I am a bit scared of my phone at the moment. As pathetic as it seems, that rubbish bit of samsung technology is frightening.
I've been with my boyfriend for almost 3 years. Very long time when you are 20. Anyways, after coming up to my uni last week, we had the most almighty row after a party. He was completely in the wrong and understands this yet I just can't let it go. It's opened up such a huge can of worms that now whenever we talk on the phone, there's this huge elephant in the (mobile) room with us.It all comes down to this;
Should I stay with him?
Now, it wasn't like he cheated on me, or beat me but I just don't know whether in 5 yrs/10yrs time, it will all go down the pan and I will be thrown back in the dating game fun which I haven't been in since I was 17. Before, I was sure we would grow old together but now I'm so not sure.

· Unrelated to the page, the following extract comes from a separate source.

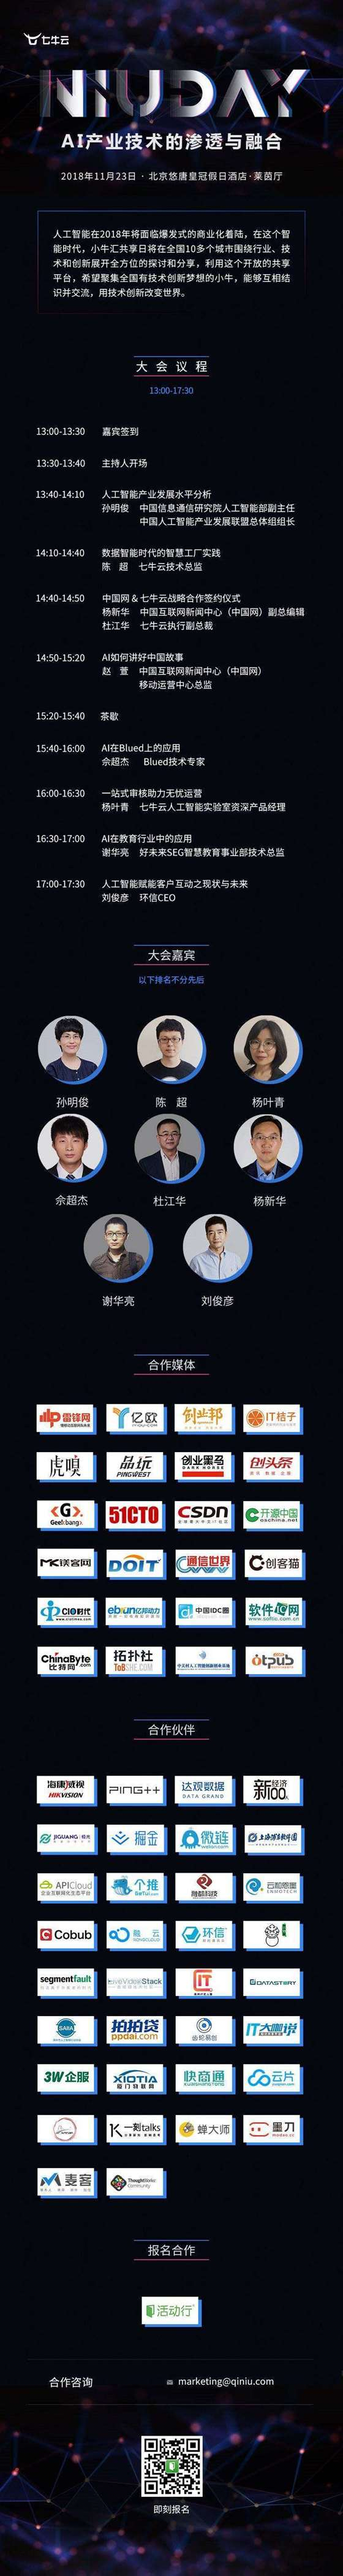 NIUDAY-长图(750)(11.22)北京.jpg

I know I have blown it all out of proportion but I feel like at any moment, the glass floor of my life is going to break and cause me to start haemorrhaging everywhere and blood is a pain in the arse to get out of fabric.

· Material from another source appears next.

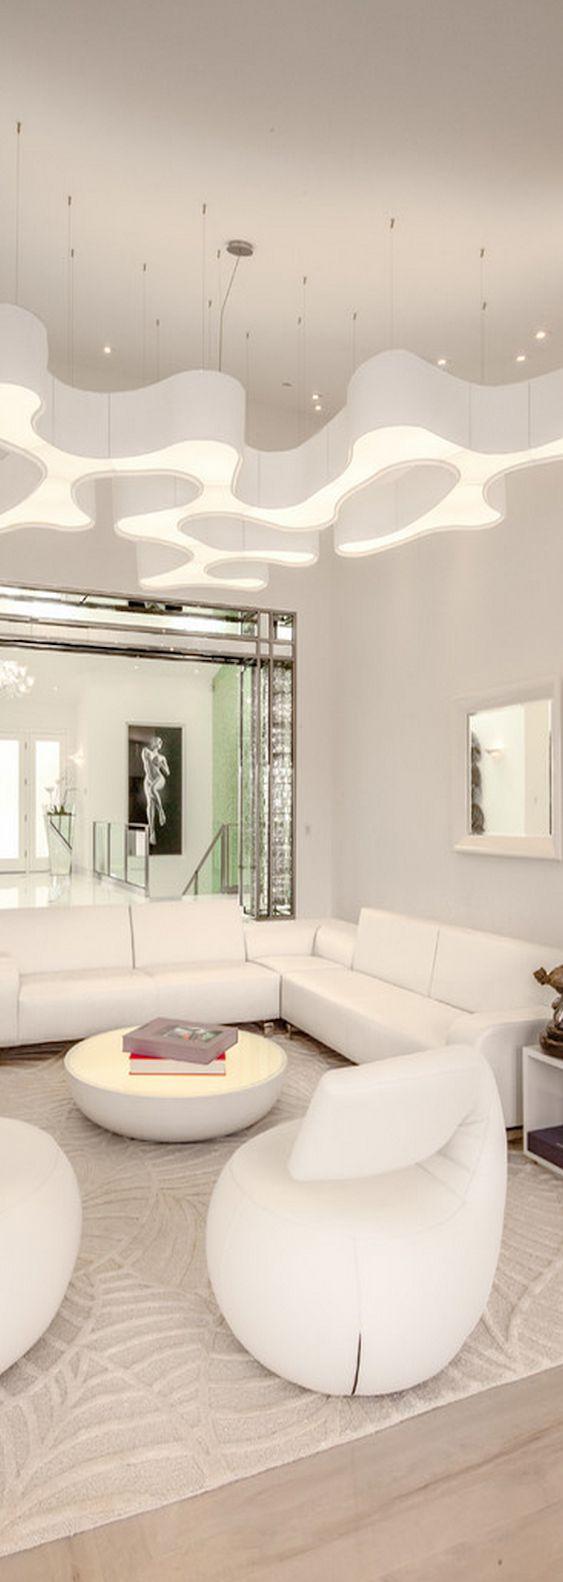 184 best Diseño minimalista para casas images on Pinterest   Home ...

So, as a result, I was ignoring most of his calls. His was calling me / my sister/my mum/my cat non stop for about 2 days. Finally, I was brave and answered and told him everything. Hence, another almighty row about trust this time and now he won't ring me and has been send scary texts about him having to think now.
In other news, I bought a bright red hat that makes me feel artistic and has inspired me to carry on with the dreaded Byron essay.